Categorization of Functional Enrichment Tools
Functional enrichment tools can be broadly categorized into two main types:
- Over-Representation Analysis (ORA)
- Functional Class Scoring (FCS)
Over-Representation Analysis (ORA)
ORA is an extension of single-gene analysis and is one of the most widely used approaches in gene set analysis due to its simplicity and well-understood statistical model. ORA involves querying differentially expressed genes (DEGs) against curated pathways and performing statistical tests to determine whether the number of DEGs associated with a specific gene set exceeds random chance.

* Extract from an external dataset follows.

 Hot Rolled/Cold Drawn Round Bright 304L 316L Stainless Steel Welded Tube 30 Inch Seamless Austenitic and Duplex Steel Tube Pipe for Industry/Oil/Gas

However, when using ORA for differential gene expression analysis, it is essential to select an appropriate background gene list. Using the entire genome as a background may not be suitable, especially in tissue-specific studies where many genes are not expressed.

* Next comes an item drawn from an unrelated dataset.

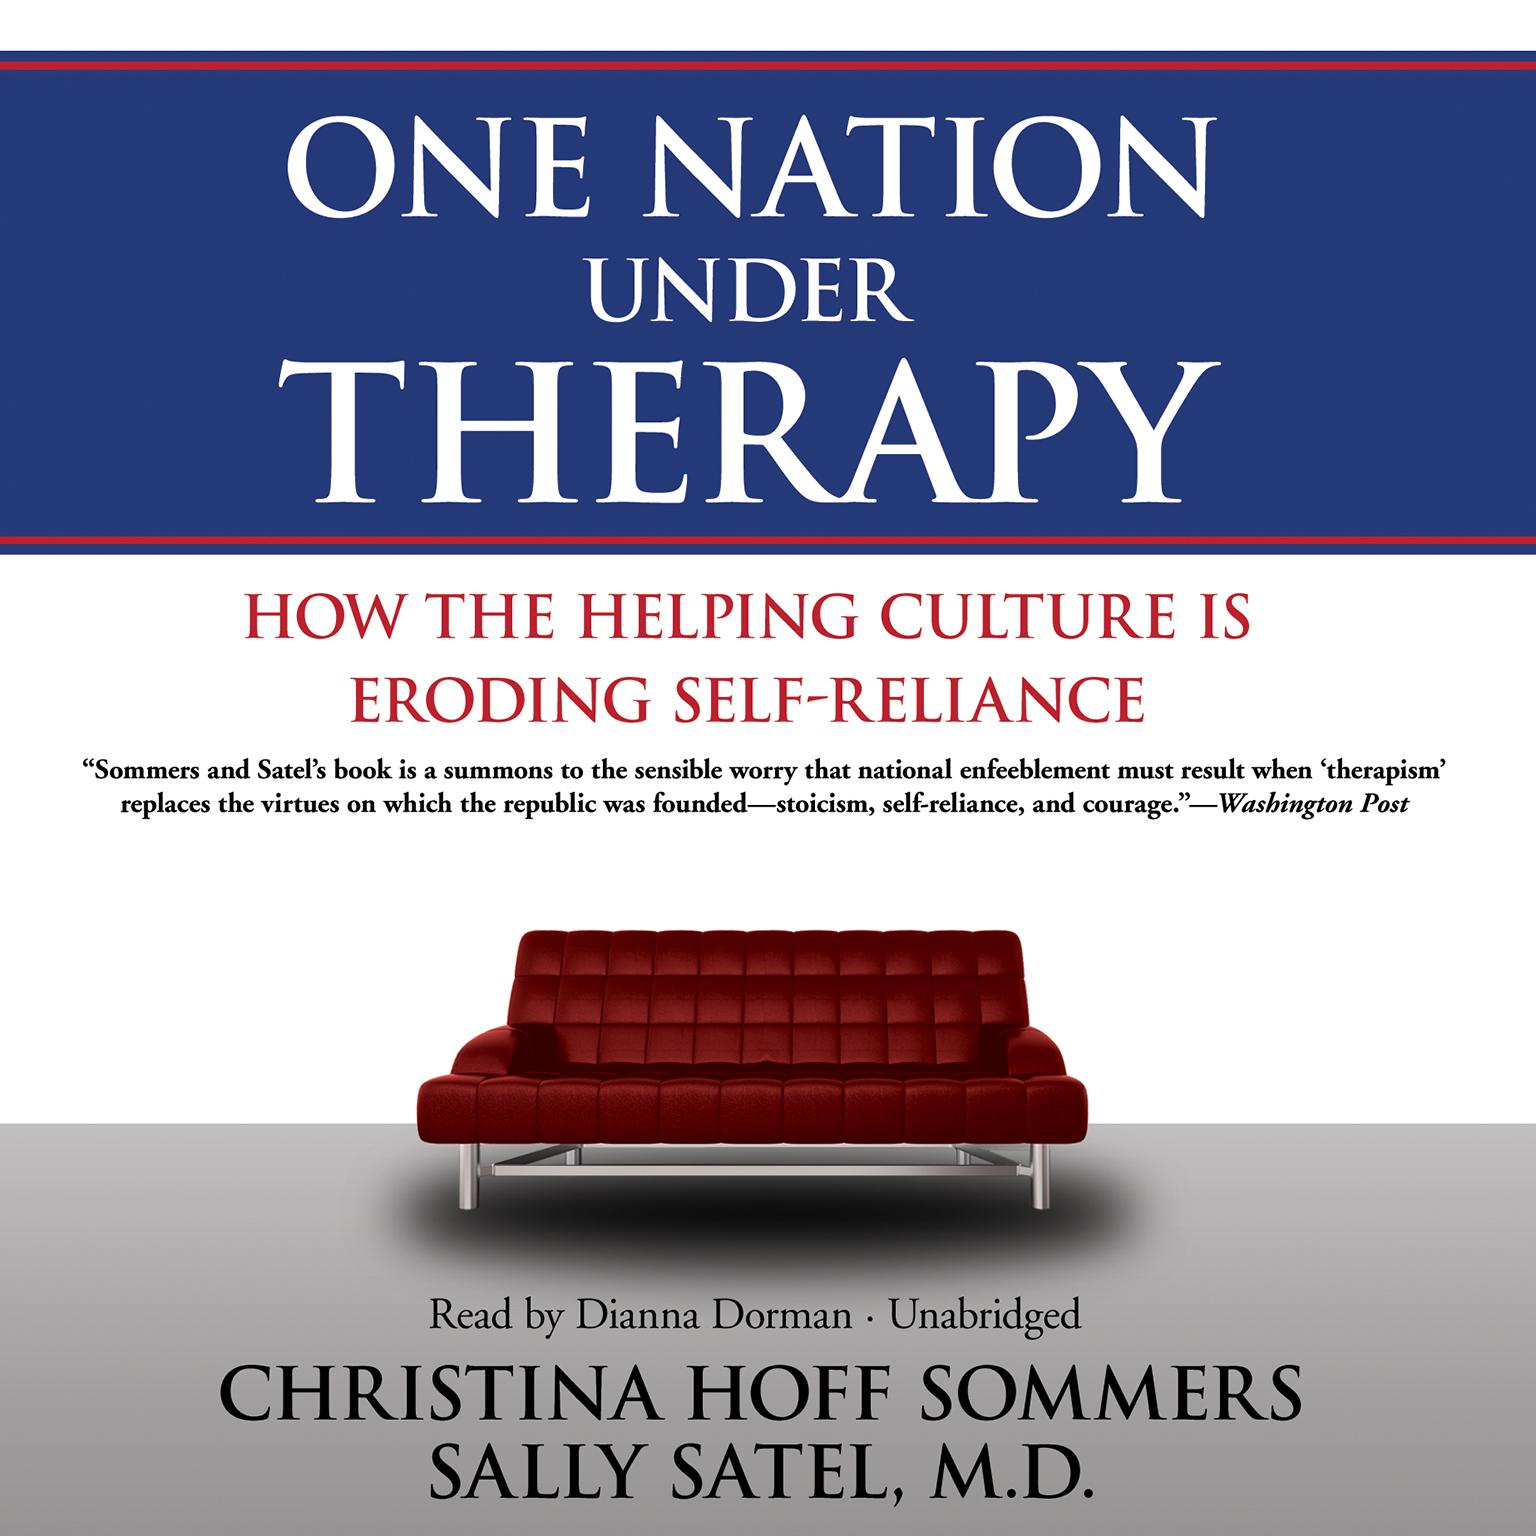 One Nation Under Therapy: How the Helping Culture Is Eroding Self-Reliance Audiobook, by Christina Hoff Sommers

Functional Class Scoring (FCS)
Unlike ORA, Functional Class Scoring (FCS) methods utilize the entire expression matrix rather than just a list of DEGs. This approach addresses the limitations of ORA by considering the collective impact of genes within a biological process, recognizing that genes and proteins often act in groups. FCS methods can be further divided into univariate and multivariate approaches, depending on how the gene set scores are calculated.
Topology-Based Pathway Analysis
In topology-based pathway analysis, not all genes within a pathway are considered equal. The inclusion of pathway topology information, such as gene product interactions, enhances the accuracy of enrichment analysis by quantifying the importance of specific genes within a pathway.
Essential Databases for Functional Enrichment Analysis
Two critical databases are central to functional enrichment analysis:
- Gene Ontology (GO)
- Kyoto Encyclopedia of Genes and Genomes (KEGG)
Gene Ontology (GO)
Gene Ontology (GO) is the cornerstone of FEA, enabling knowledge-based computational analysis of biological data from large-scale assays. GO organizes our understanding of biological systems into three main aspects: molecular function, cellular component, and biological process. It provides a hierarchical structure that helps researchers identify over-represented functions within a gene set.
Kyoto Encyclopedia of Genes and Genomes (KEGG)
KEGG is a comprehensive database resource that integrates genomic and chemical information with knowledge of molecular wiring diagrams. It allows researchers to explore high-level functions and biological significance across various systems, from cellular processes to entire ecosystems.
Conclusion
Functional Enrichment Analysis is indispensable in analyzing the vast amounts of data generated by high-throughput techniques. It enables researchers to assign functions to previously unknown genes and uncover crucial biological pathways. While numerous tools are available for FEA, each has its limitations, underscoring the ongoing need for a gold-standard tool in functional enrichment analysis.